On the other hand, neither can I comprehend how such satire — even when it is patently offensive, even when it cuts close to one’s deepest and dearest beliefs, even when it grinds on unapologetically for years — could provoke anyone to such a murderous act in response. It is utterly beyond my grasp.
In the end, I conclude that this is really not about religion at all. It is about discrimination, exclusion, disenfranchisement and, yes, racism.
I don’t know much about psychology, but I sense that a line could be drawn between the barbaric murder of two cops in New York and the terrorist slaughter of cartoonists and others in Paris. Besides being of questionable sanity, the killers seem to have harbored a sense of injustice and oppression. Their actions are as inexcusable as they are incomprehensible – but we can condemn them while still acknowledging that their feelings of injustice and oppression are not unwarranted.

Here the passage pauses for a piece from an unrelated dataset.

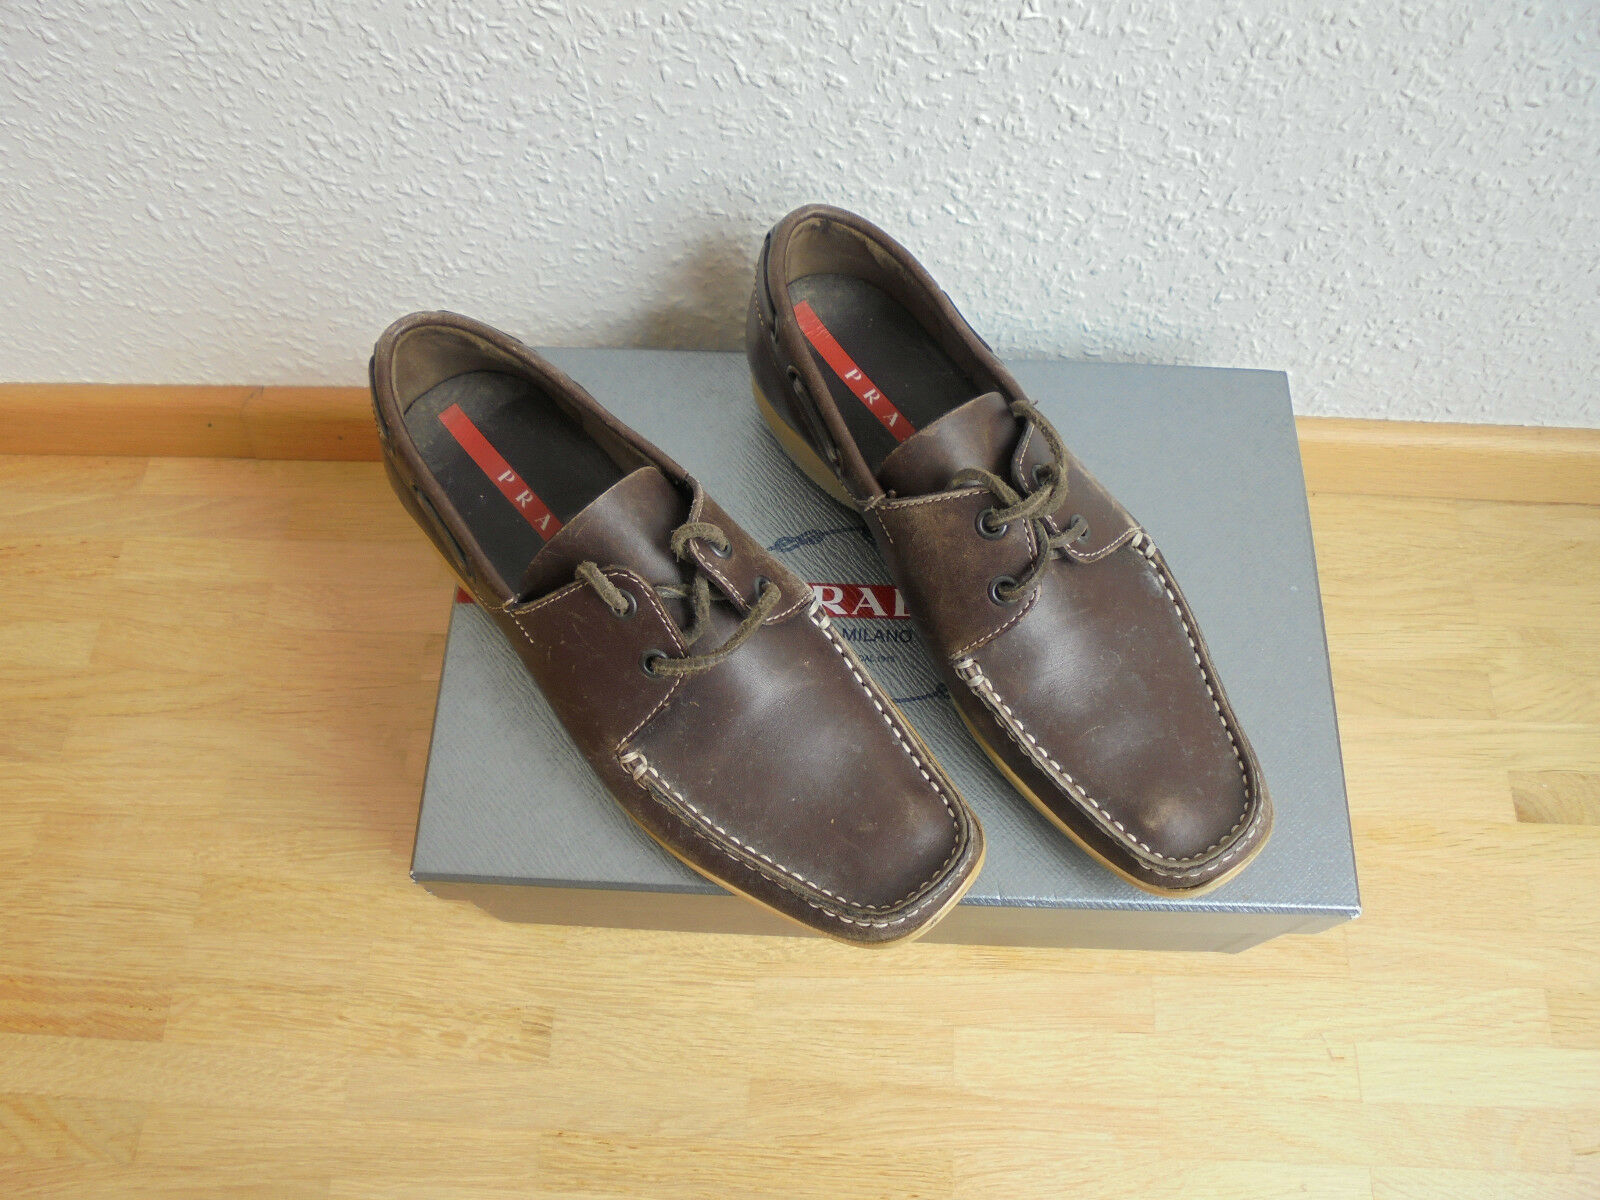 Prada Leder Segelschuhe NP  Slipper Loafer Schuhe Pumps Mokassins 36 36,5 37

Clearly, though we must support our good and brave police, our police must deal with their endemic racism. So too, while we bemoan threats to our freedom of expression, we need to do a better job of grasping how some of that expression will affect the psychological state of marginalized members of society who may have become unhinged, and who may happen to have trained as militant fighters and have access to powerful weaponry.
You can’t yell “fire” in a crowded theater. Perhaps, in today’s world, you just can’t idly satirize another person’s religion, either.
This isn’t a question of allowing crazies to censor the rest of us. This is about acknowledging that we live in a bipolar world. On the one side, we have a civilized, liberal, mostly democratic system where free thought and belief and expression are cherished. Within that (closed) system, free speech is of paramount importance. But outside that system, at the other pole, there is tyranny and repression and insanity. There are people who would like to kill you for your thoughts, or at any rate to have you fear they would. It is foolish to think that our ideal of free expression has any meaning for them.
Once, before the End of History (circa 1991), we lived happily in a world where these two poles existed apart, but since then the two poles have been colliding, for better and for worse. We have tried, perhaps naively, to take over the world with our system, to spread liberty even where it seemed unable to find a foothold. Lately, some of the nastier elements of the opposite pole have been trying to take over us instead.
What do we do? Some say we must “get rid of the crazies”. That is hard to do when crazies are home-grown and their poisoned mentality has metastasized so far among the marginalized members of society. Who knows where the next crazy lurks? The “get rid of them” response also risks veering into Islamophobia, igniting race wars and raising the specter of pogroms. Others say we should embrace the marginalized, cure what alienates and oppresses them, and hope that will lead to fewer crazies popping up. I like the latter approach much better, but it will be the harder of the two to follow.
The only correct response to Charlie Hebdo is to metaphorically bake a cake: support a devout Muslim group that’s fighting extremism, whether by building girls’ schools or publishing a moderate newspaper or targeting poverty. The two poles of our world must come together eventually. We must work to ensure this happens harmoniously, not violently. We must do it with bravery, love and without yelling “fire”.